The output should contain the listing word for word and no pictures.

## Supplied material
※
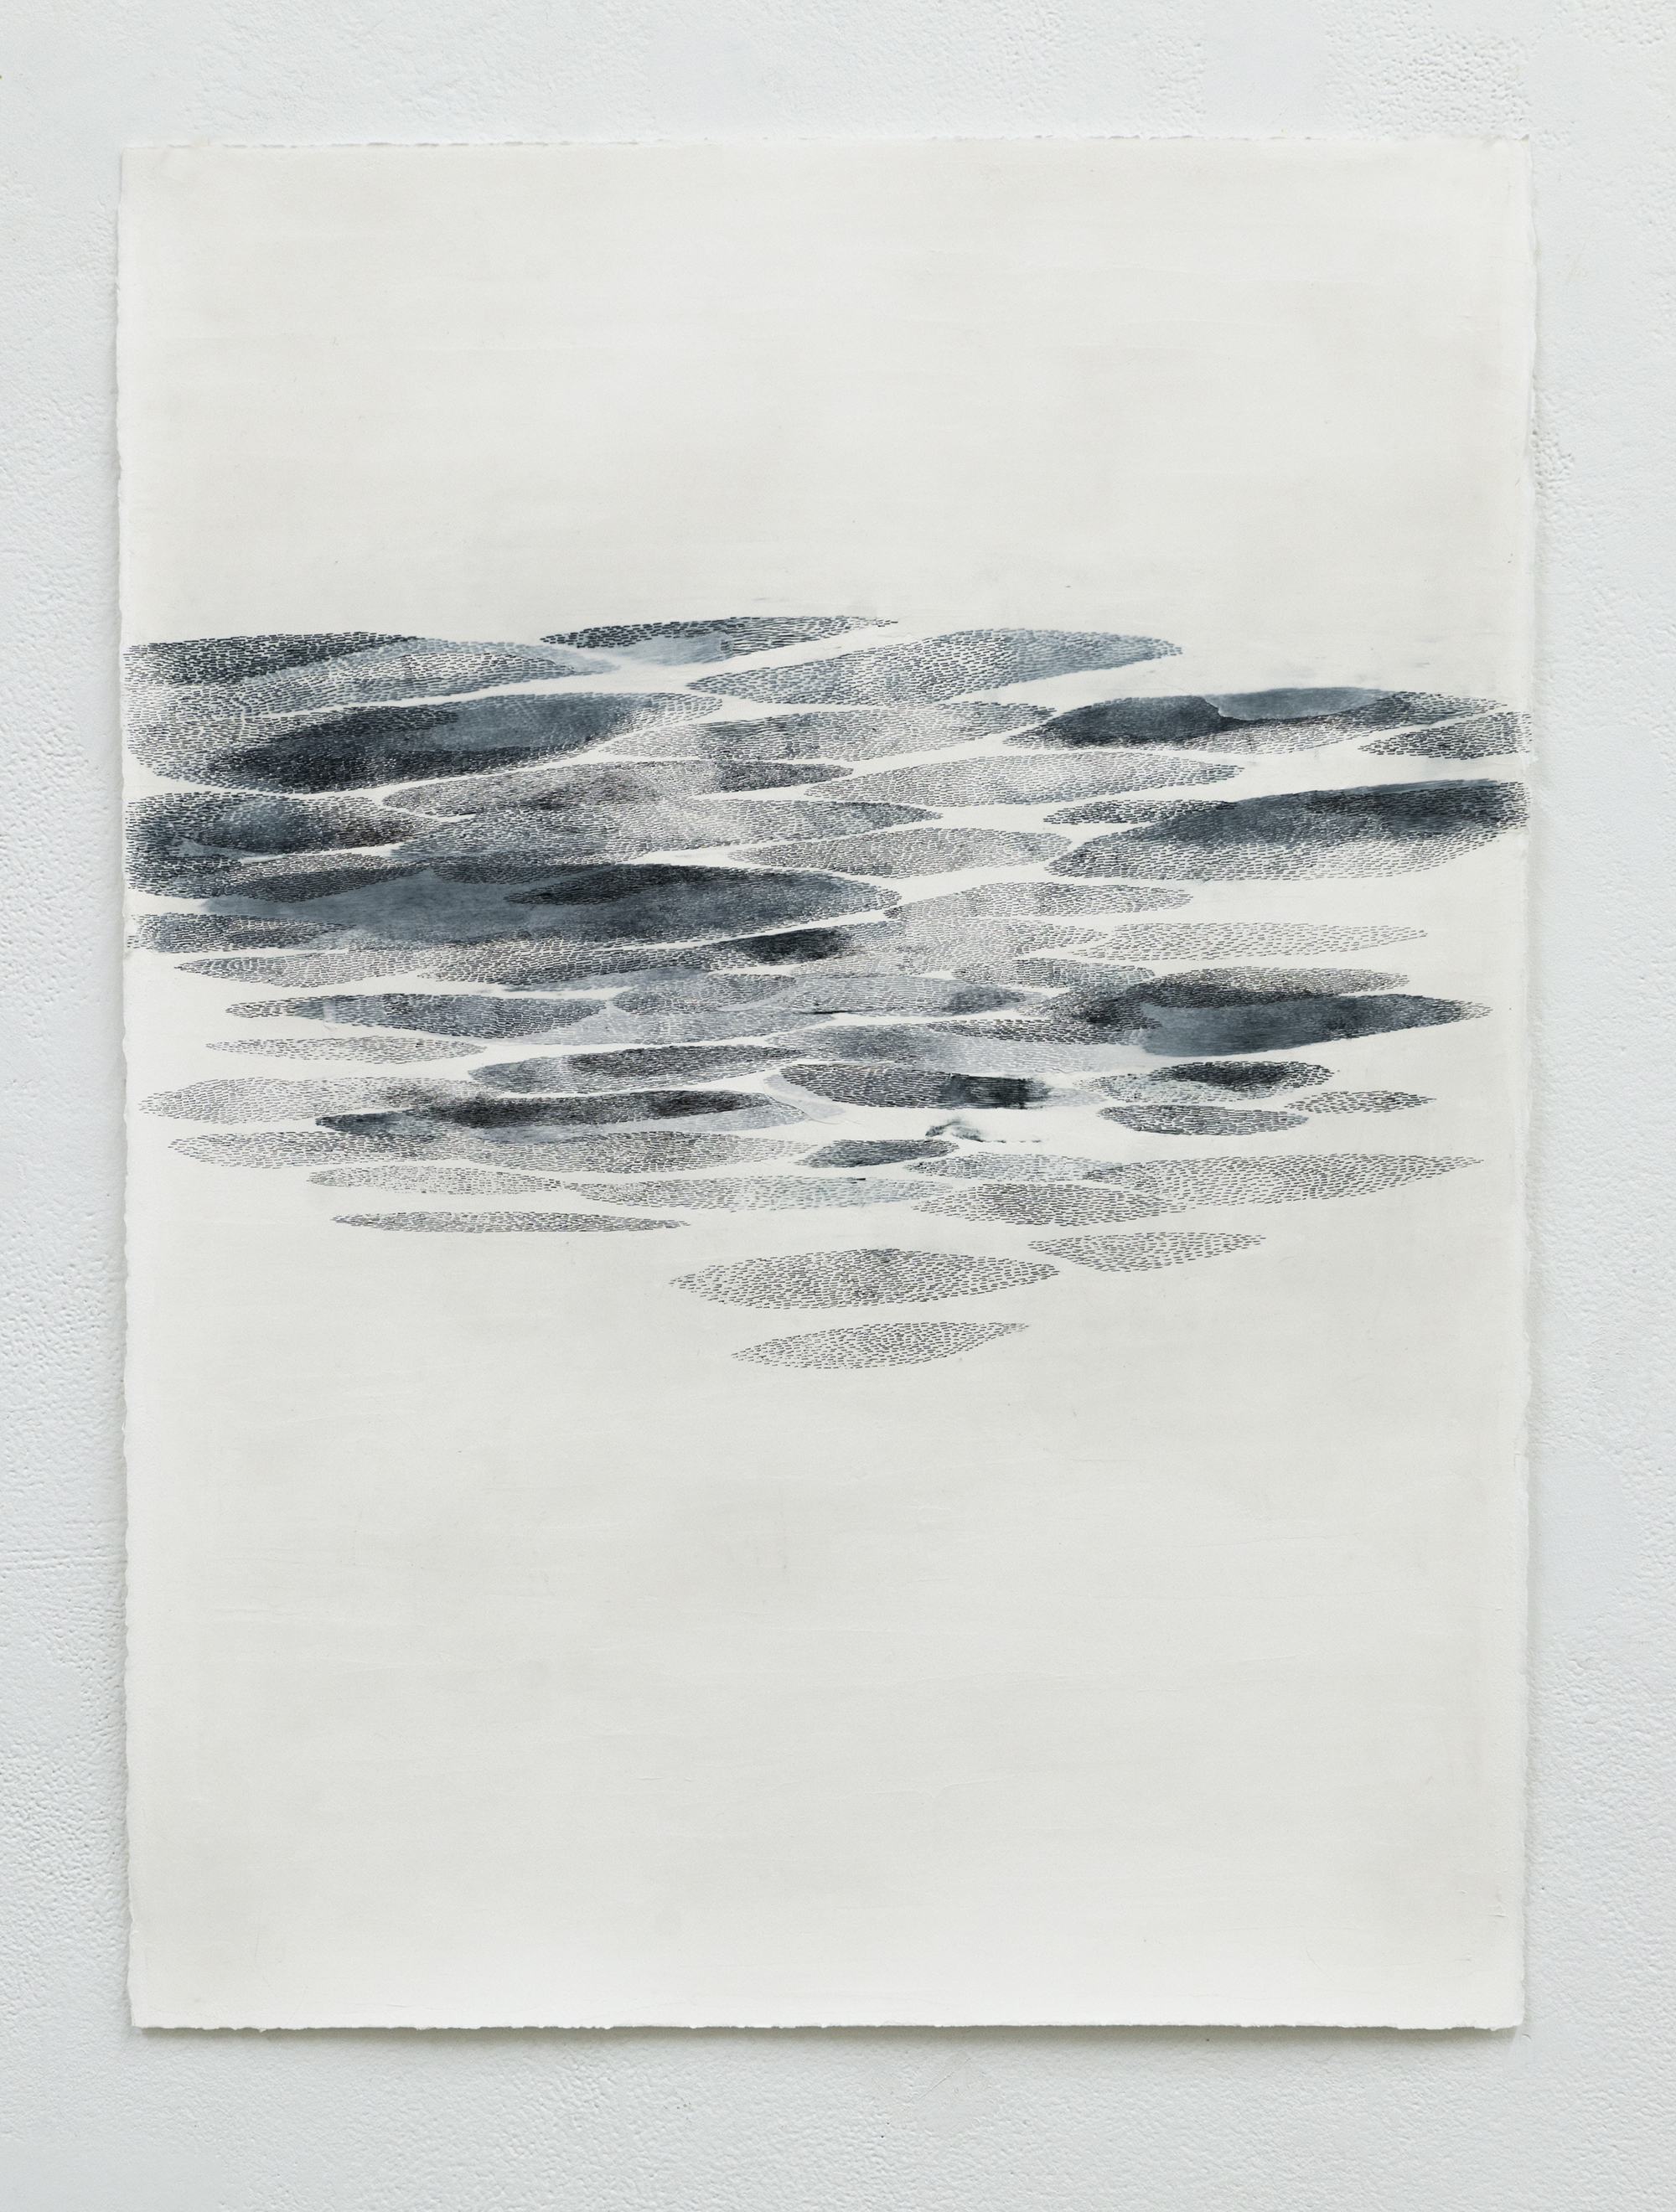 Untitled (Surge), 2017
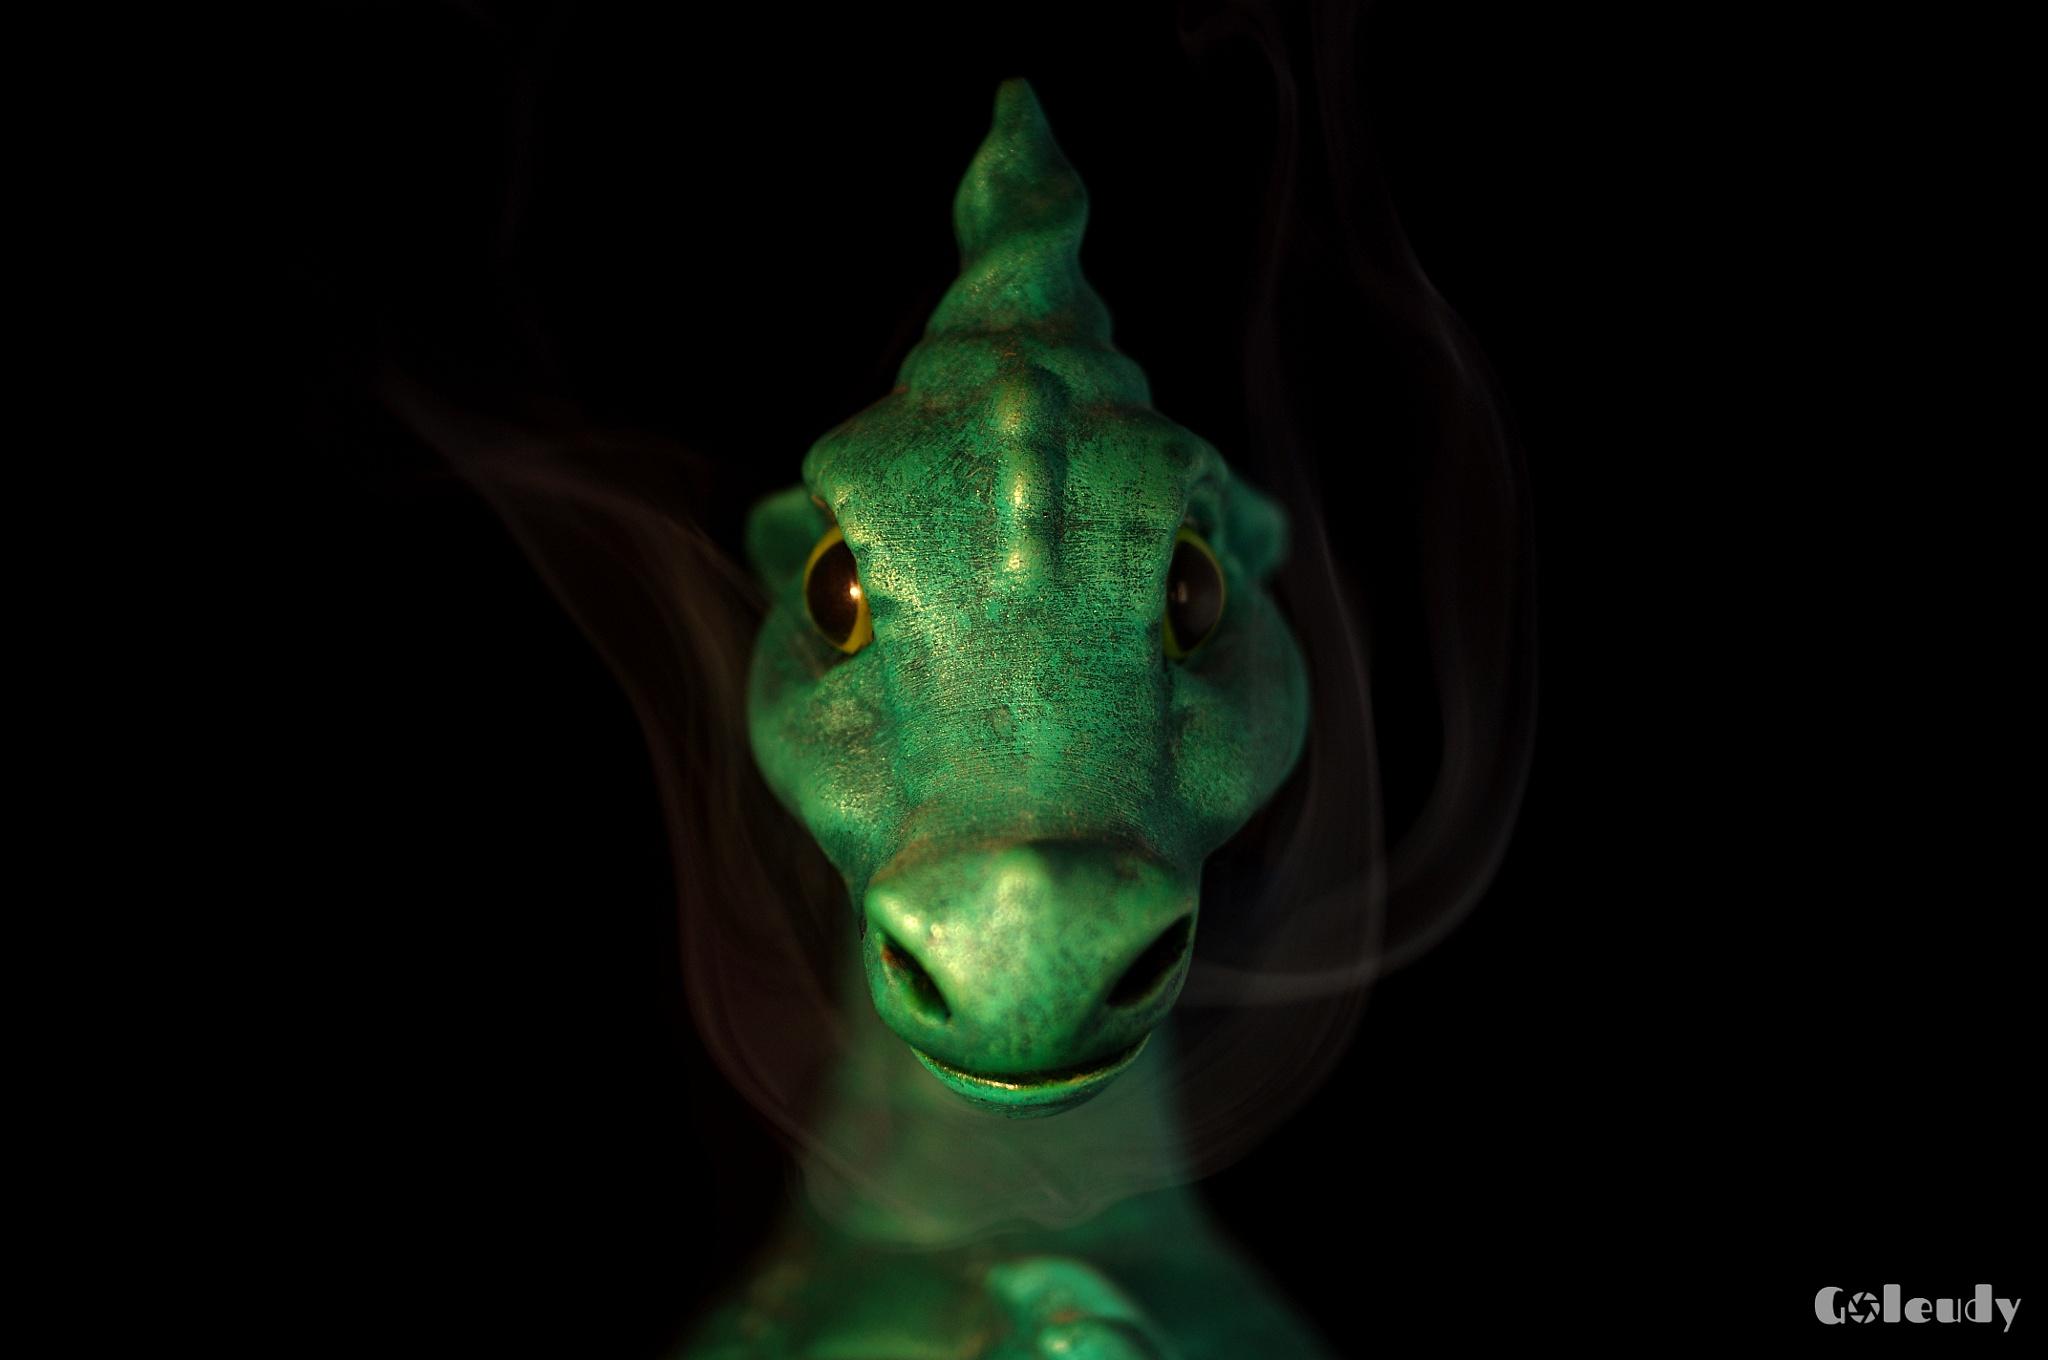 The Smoking Dragon by Goleudy
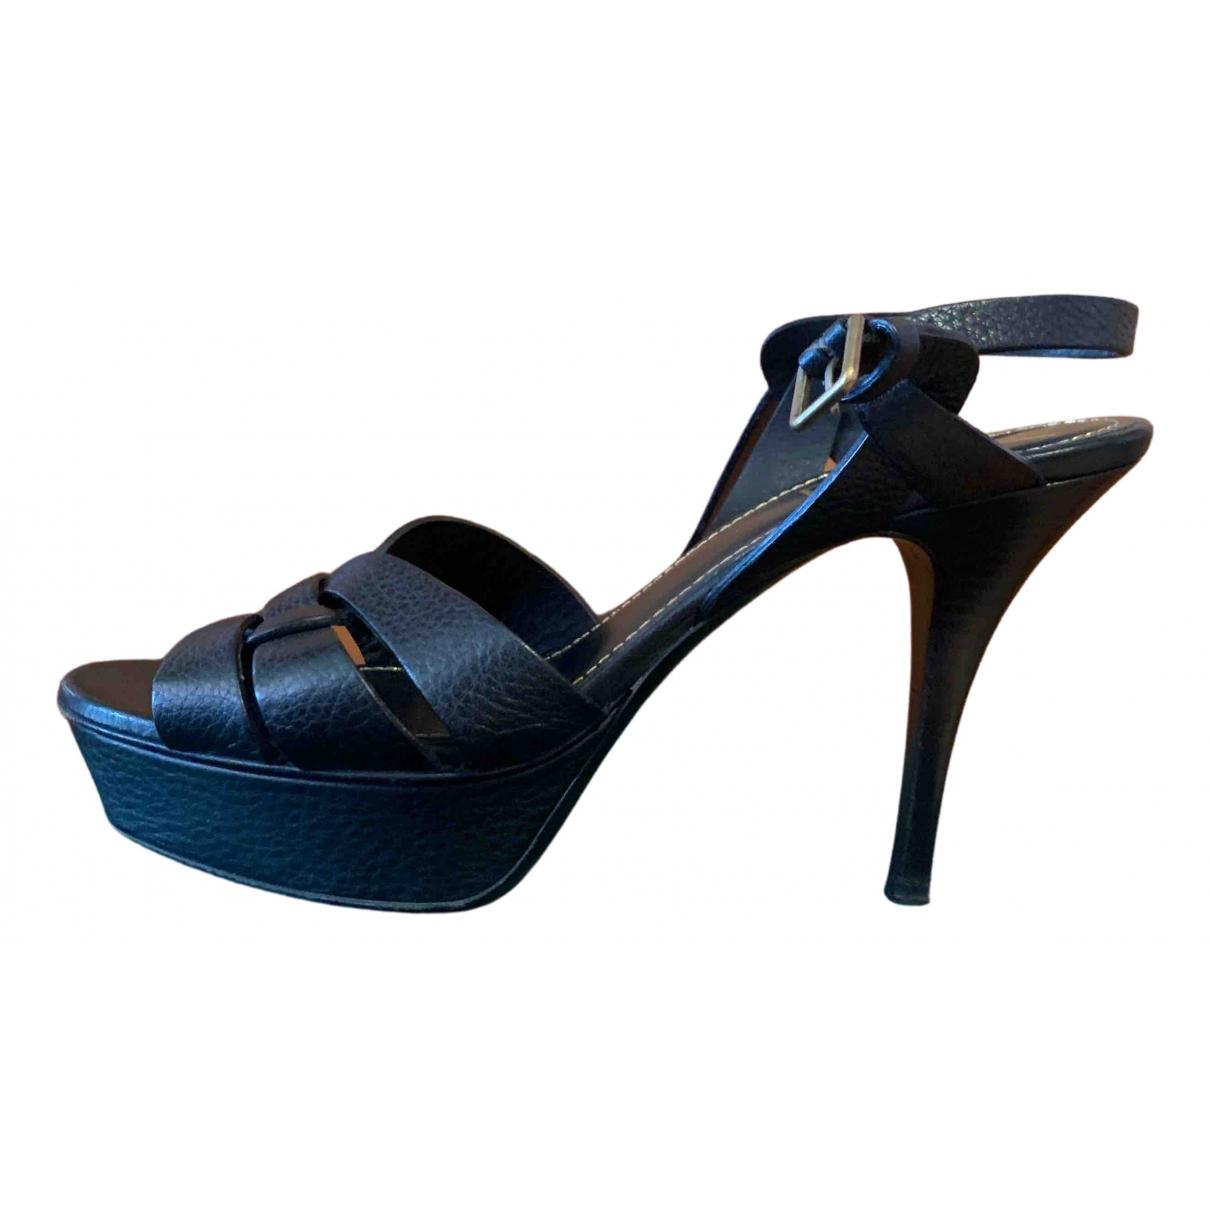 Yves Saint Laurent Tribute Black Leather Sandals for Women 39 EU
※
## Reply
 Untitled (Surge), 2017
 The Smoking Dragon by Goleudy
 Yves Saint Laurent Tribute Black Leather Sandals for Women 39 EU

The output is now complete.